[15:54:23] <dstufft> carljm: I wonder if the answer isn't to rip out pip's custom caching stuff and just use a HTTP cache that understands Cache-Control headers
[15:54:32] <dstufft> then we'll get caching of the index pages too
[18:49:01] <yusuket> dstufft: can you look at https://github.com/pypa/warehouse/pull/299 when you have a chance? I believe I’ve fixed all the outsanding issues
[18:56:01] <dstufft> yusuket: yea i'll take a look later today
[18:56:28] <dstufft> ~850 lines of diff means it takes more than a few minutes to thoroughly review it
[18:57:06] <yusuket> dstufft: awesome, thanks! Yeah sorry about the large diff, I wanted to port it all while I had the context in my head
[23:54:16] <dstufft> Ivo: When a HTTP server serves a response, it can include an ETag header which is essentially a unique value for some response.
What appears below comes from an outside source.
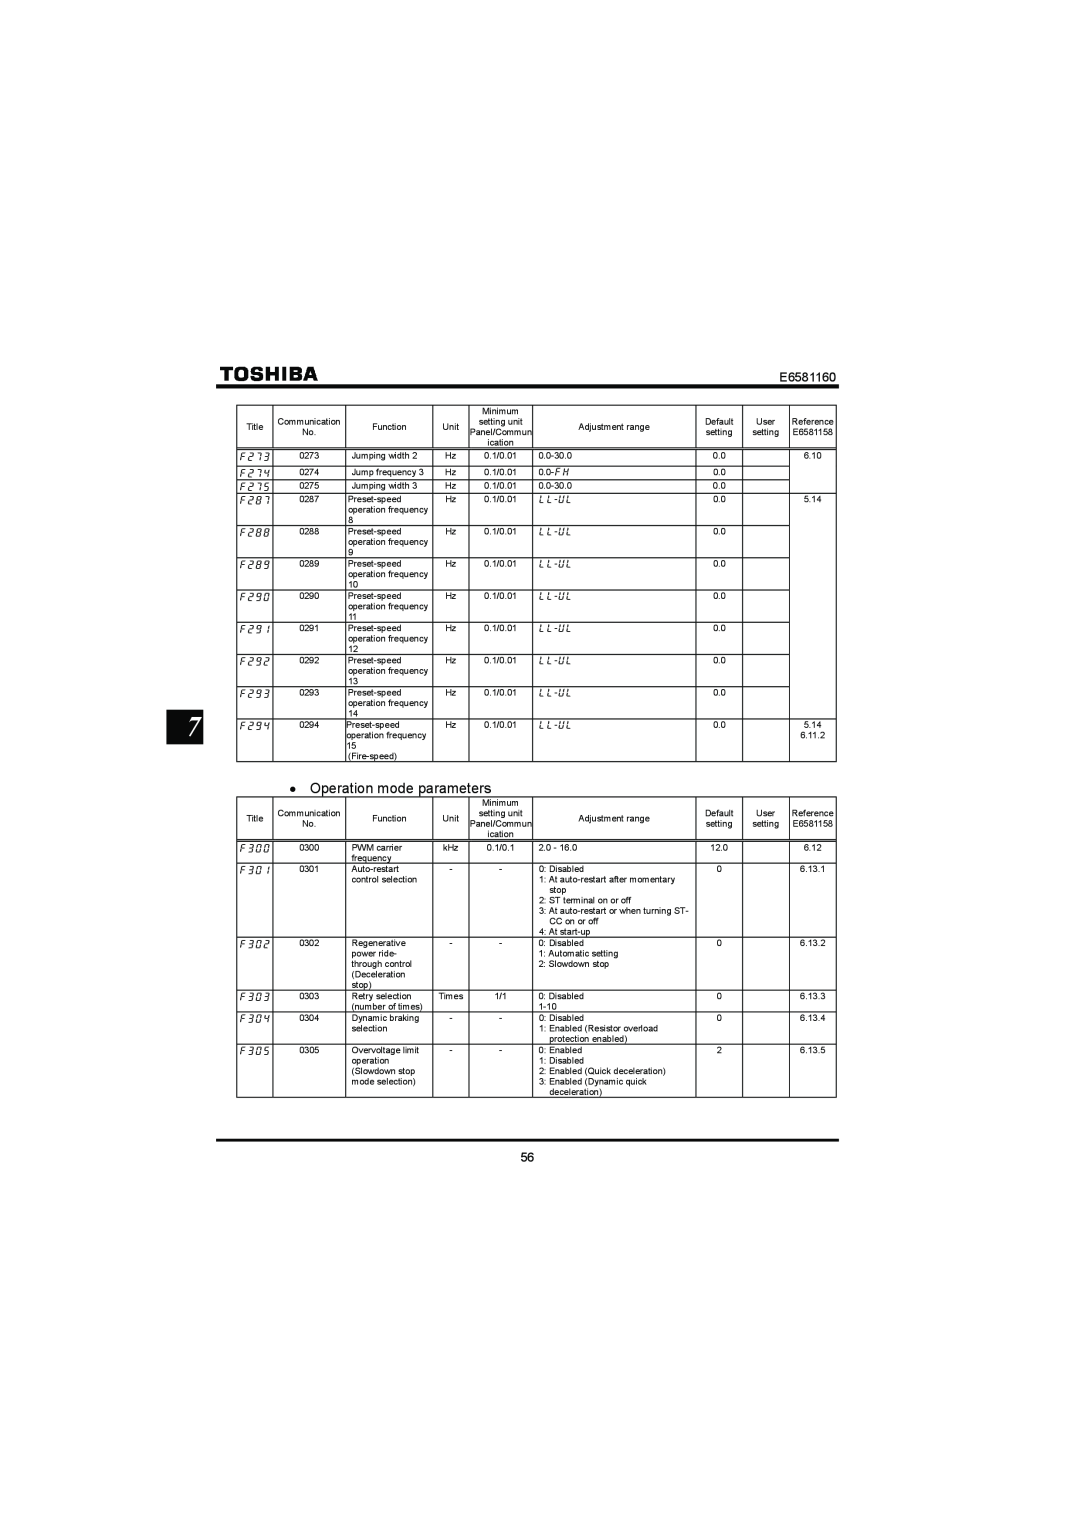 Toshiba VF-S11 manual Operation mode parameters, E6581160

And when you go to make a request against, if you have a response cached you can add a If-None-Match: <stored-etag-header>, and a webserver will, when it sees a If-None-Match header, compare it to the e-tag it has for the url, and if it matches return a 304 response with an empty body, if i doesn't match return a
[23:54:23] <Ivo> dstufft: I haven't looked into HTTP's caching mechanism in any great depth before, but if there is some sensible replacement for hashes, then sure
[23:55:27] <Ivo> the main thrust of the suggestion was to use HEAD to find a unique identifier for the thing we intend to download, instead of GET, was all
[23:55:59] <dstufft> I'm not sure what your suggestion was then :)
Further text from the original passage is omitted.